Business Cycles, Trend Elimination, and the HP Filter

Abstract

We analyze trend elimination methods and business cycle estimation by data filtering of the type introduced by Whittaker (1923) and popularized in economics in a particular form by Hodrick and Prescott (1980/1997; HP). A limit theory is developed for the HP filter for various classes of stochastic trend, trend break, and trend stationary data. Properties of the filtered series are shown to depend closely on the choice of the smoothing parameter (lambda). For instance, when lambda = O(n^4) where n is the sample size, and the HP filter is applied to an I(1) process, the filter does not remove the stochastic trend in the limit as n approaches infinity. Instead, the filter produces a smoothed Gaussian limit process that is differentiable to the 4'th order. The residual 'cyclical' process has the random wandering non-differentiable characteristics of Brownian motion, thereby explaining the frequently observed 'spurious cycle' effect of the HP filter.

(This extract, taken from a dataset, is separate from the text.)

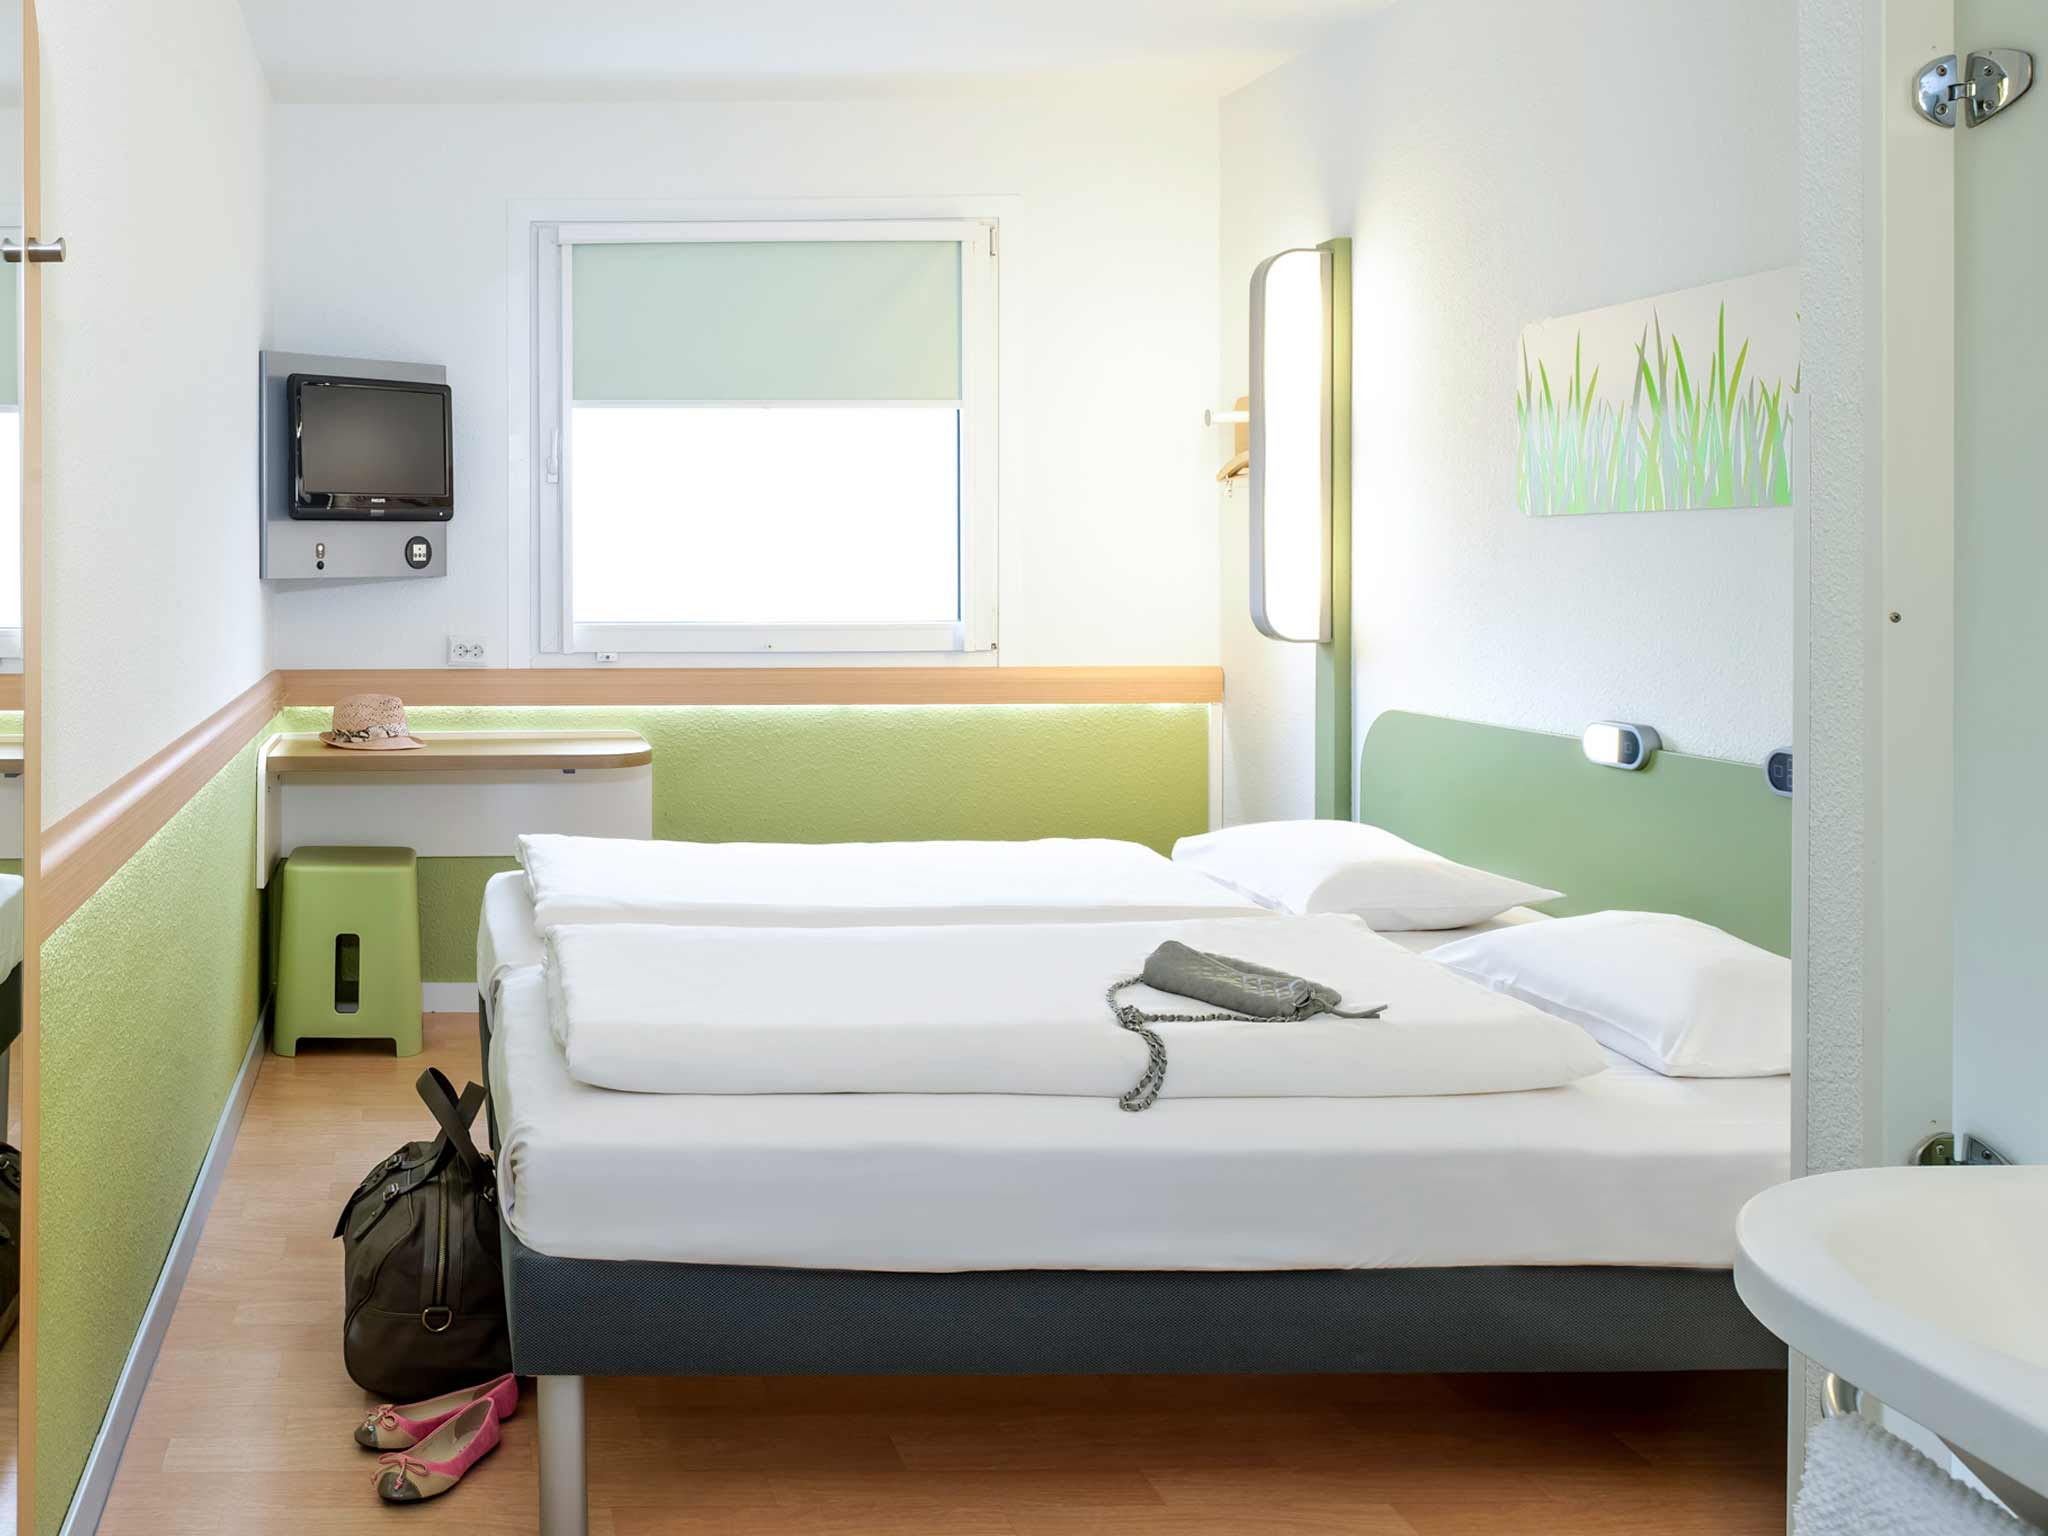 hotel ibis budget augsburg gersthofen book now free wifi. Black Bedroom Furniture Sets. Home Design Ideas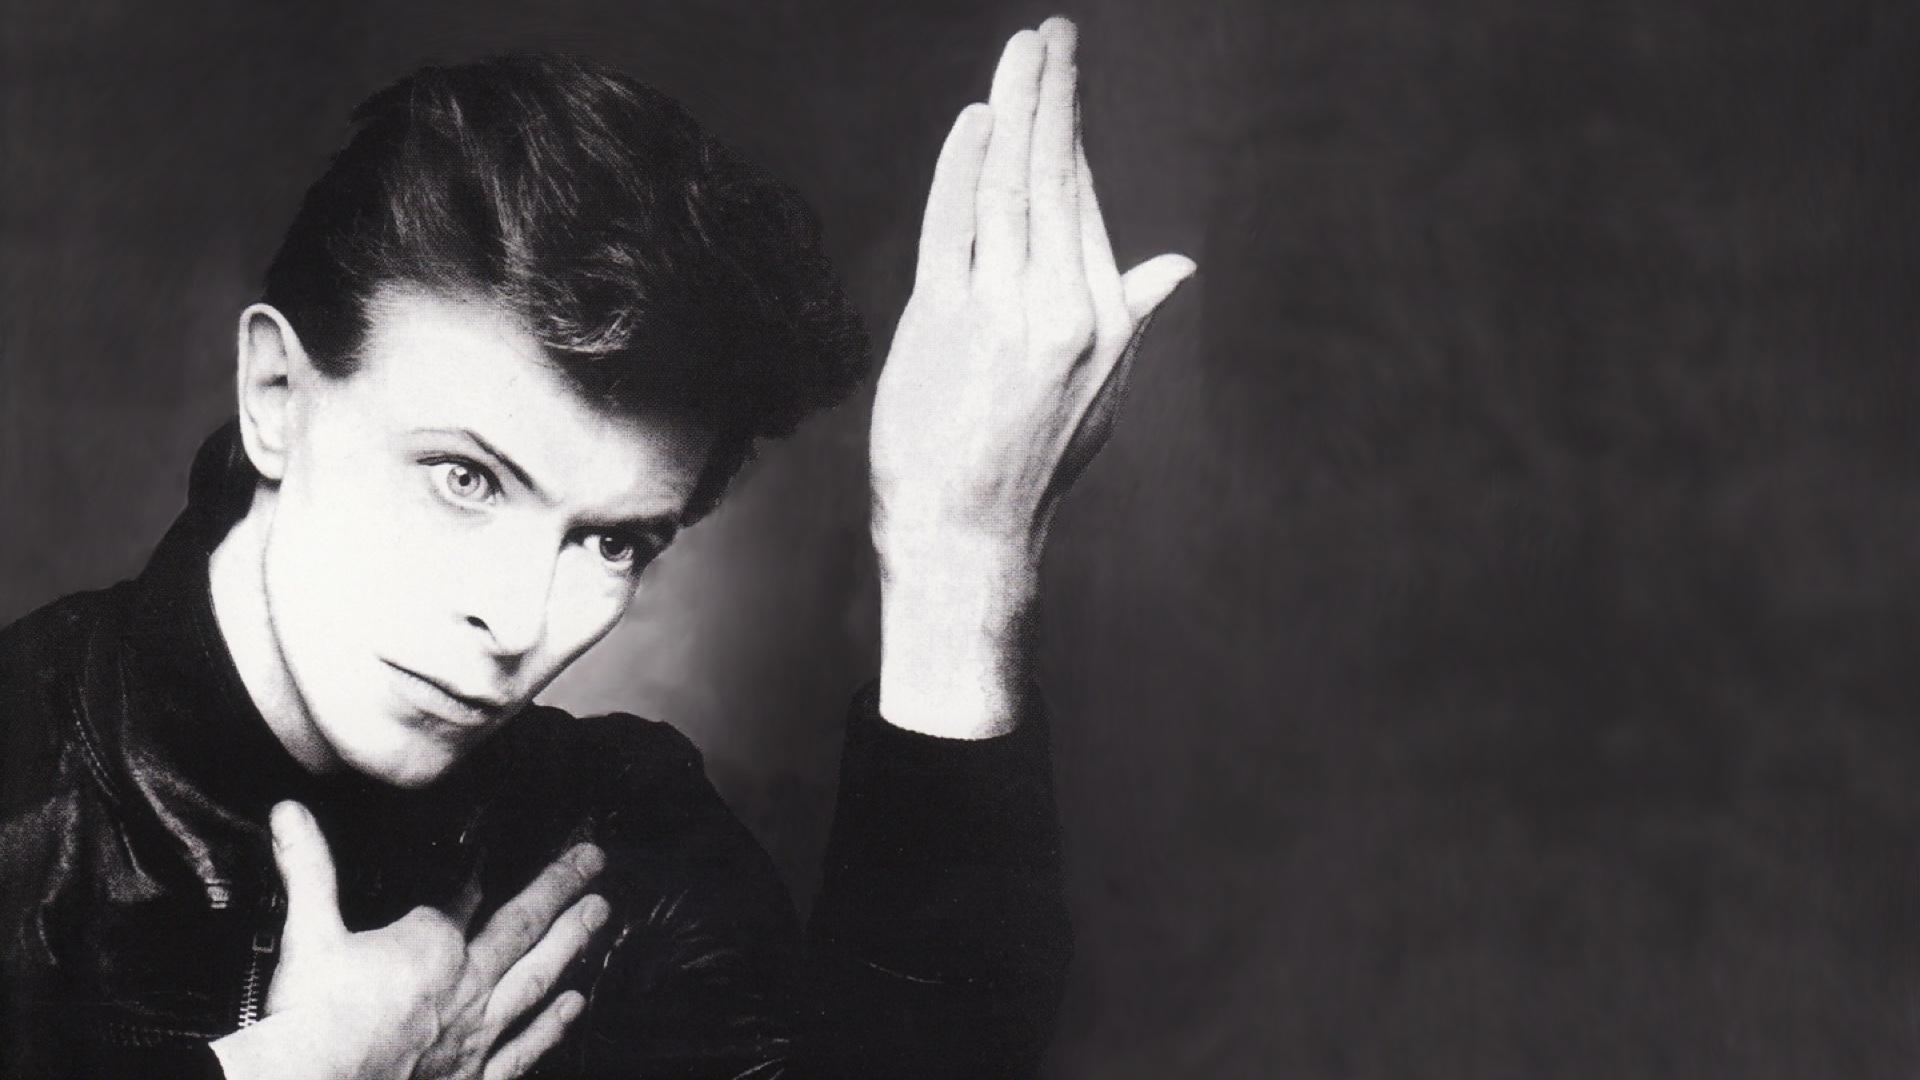 Heroes, un capolavoro firmato Bowie

On the other hand, when lambda = o(n), the filter reproduces the limit Brownian motion and eliminates the stochastic trend giving a zero 'cyclical' process. Simulations reveal that the lambda = O(n^4) limit theory provides a good approximation to the actual HP filter for sample sizes common in practical work. When it is used as a trend removal device, the HP filter therefore typically fails to eliminate stochastic trends, contrary to what is now standard belief in applied macroeconomics. The findings are related to recent public debates about the long run effects of the global financial crisis.